The NeurIPS 2022 paper “Decision Trees with Short Explainable Rules” by Victor F. C. Souza, Ferdinando Cicalese, Eduardo Sany Laber, and Marco Molinaro focuses on a simple but important question:

When a tree explains a prediction, how many different attributes does that explanation actually use?

This is different from asking only how deep the tree is. Depth counts the number of tests along a path. Explanation size counts the number of distinct attributes used along that path. If a path tests the same feature multiple times, its depth may be large, but its explanation may still be compact. If a path tests many different features, the rule becomes harder to understand.

The paper proposes this explanation size as a measure of decision-tree interpretability and introduces an algorithm, SER-DT, designed to build accurate trees with shorter rules.

CART and SER-DT trees for the Sensorless dataset — The left tree is built by CART and the right tree by SER-DT. The trees have similar accuracy, but the SER-DT tree produces shorter rules.

Why Depth Is Not Enough

Traditional decision-tree interpretability often focuses on depth. A shallow tree is easier to read because a user needs to answer fewer questions before reaching a prediction.

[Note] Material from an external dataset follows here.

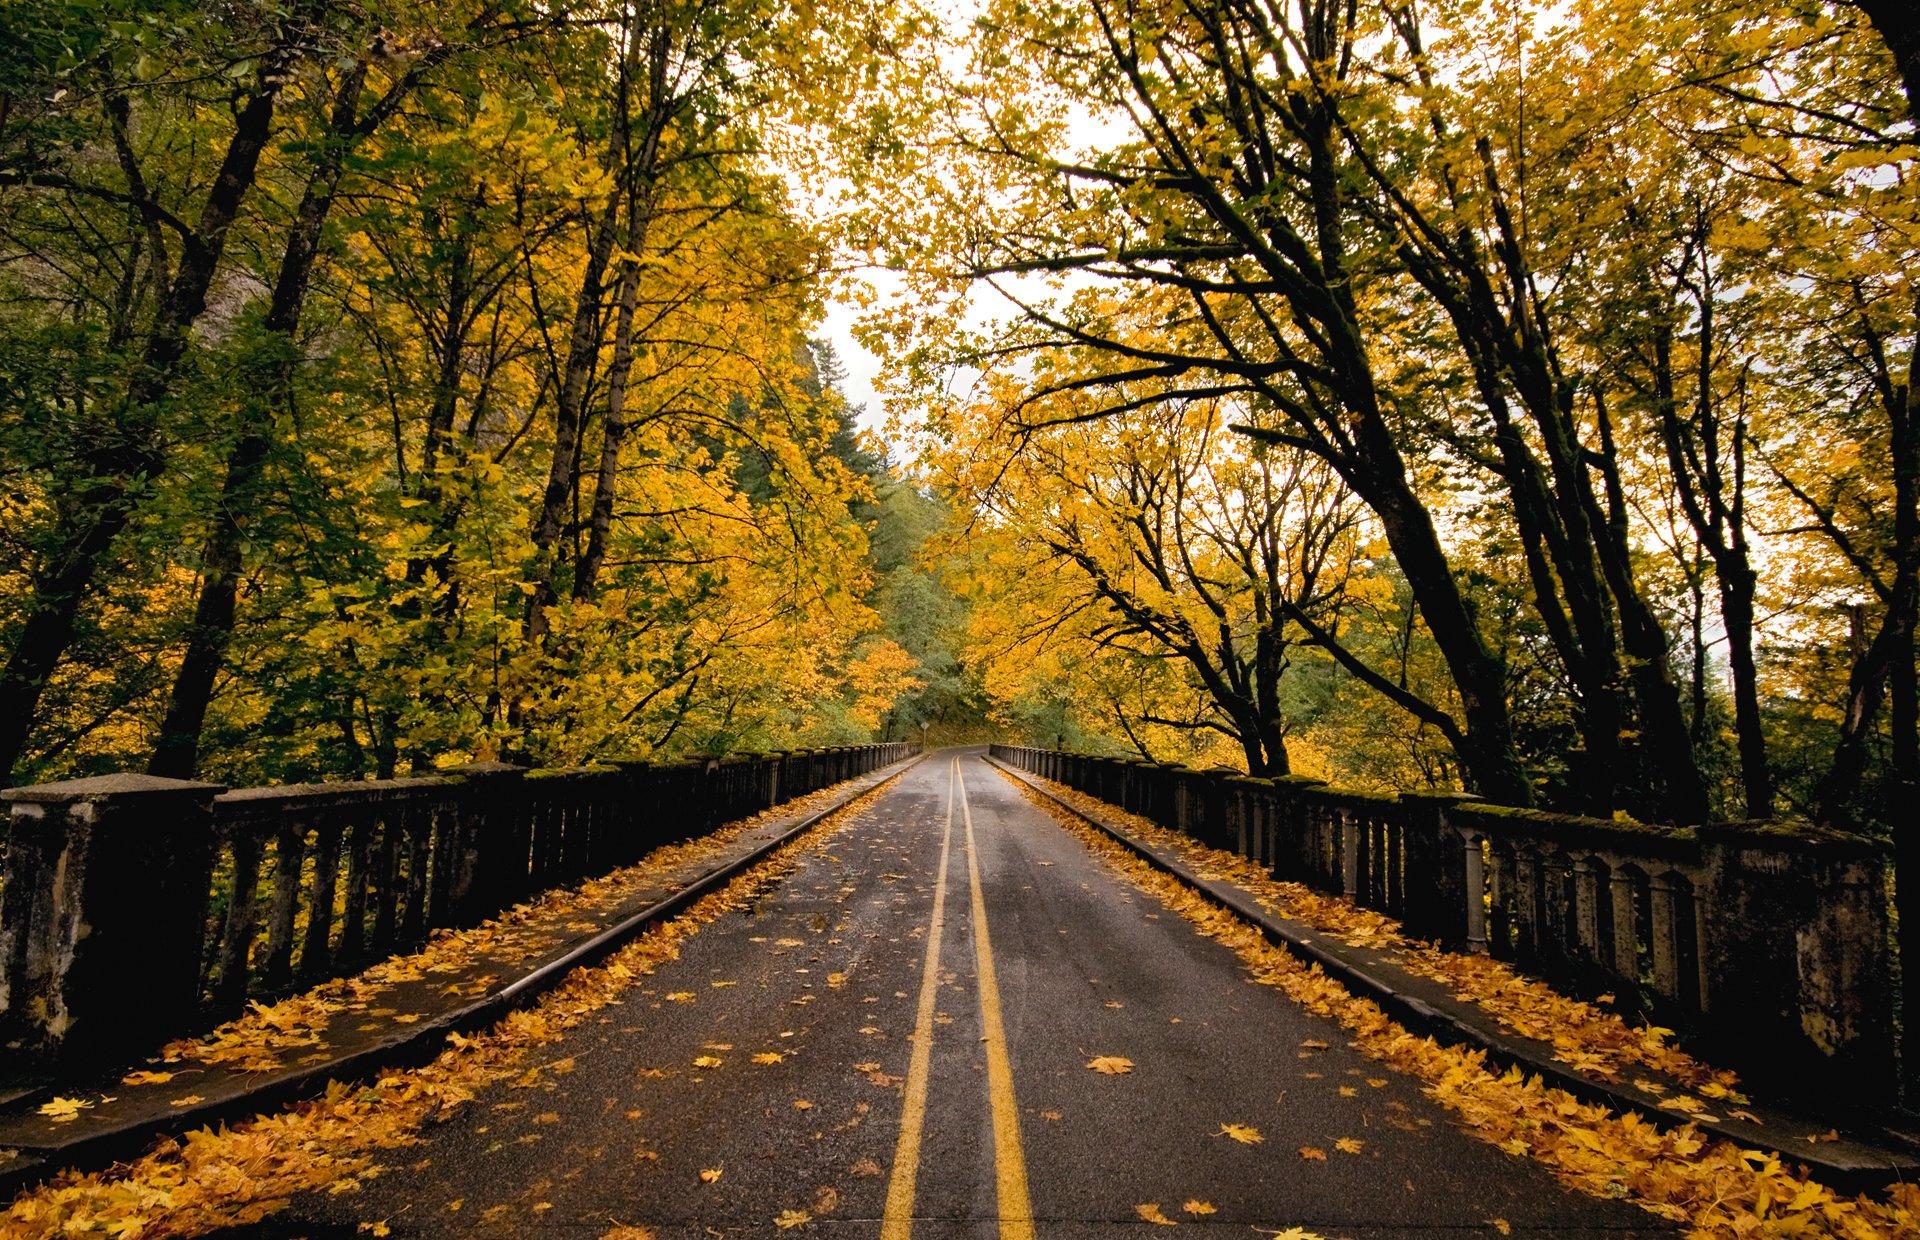 осень листья дорога бесплатно

That is a useful metric, but it misses another part of human understanding: the number of concepts involved in the explanation. A rule with three conditions over three unrelated features can be harder to reason about than a rule with three conditions over one feature range.

The Sensorless example from the paper makes this clear. CART and SER-DT produce trees with comparable accuracy, but the rules can be very different.

Rules generated by CART and SER-DT. SER-DT can explain the same class with fewer distinct attributes.

For one large leaf in the example, CART needs a rule involving D11, D9, and D10. SER-DT gives a rule using only D11. Both rules may lead to the same class, but the second one is much easier to communicate: the decision mostly depends on one attribute range.

That is the motivation for the paper. If the goal is explainability, we should care not only about how many tests a user follows, but also about how many distinct attributes the explanation asks them to understand.

Explanation Size

The paper works with threshold decision trees. Each internal node asks a question like:

Is attribute a less than threshold t?

The leaf reached by an object gives its predicted class. The depth of a leaf is the number of tests from the root to that leaf.

Worst-case depth is the maximum depth among all leaves. Average depth weights each leaf by how many examples reach it, or by how important those examples are.

The new metric is explanation size. For a leaf, explanation size is the number of different attributes tested on the path from the root to that leaf.

Here is the key distinction:

Depth asks: how many questions must we answer?
Explanation size asks: how many different attributes appear in the rule?

Both matter. A good explainable tree should avoid very long paths, but it should also avoid rules that jump across too many unrelated features.

The Trade-Off

The theoretical part of the paper studies whether it is possible to optimize both depth and explanation size at the same time.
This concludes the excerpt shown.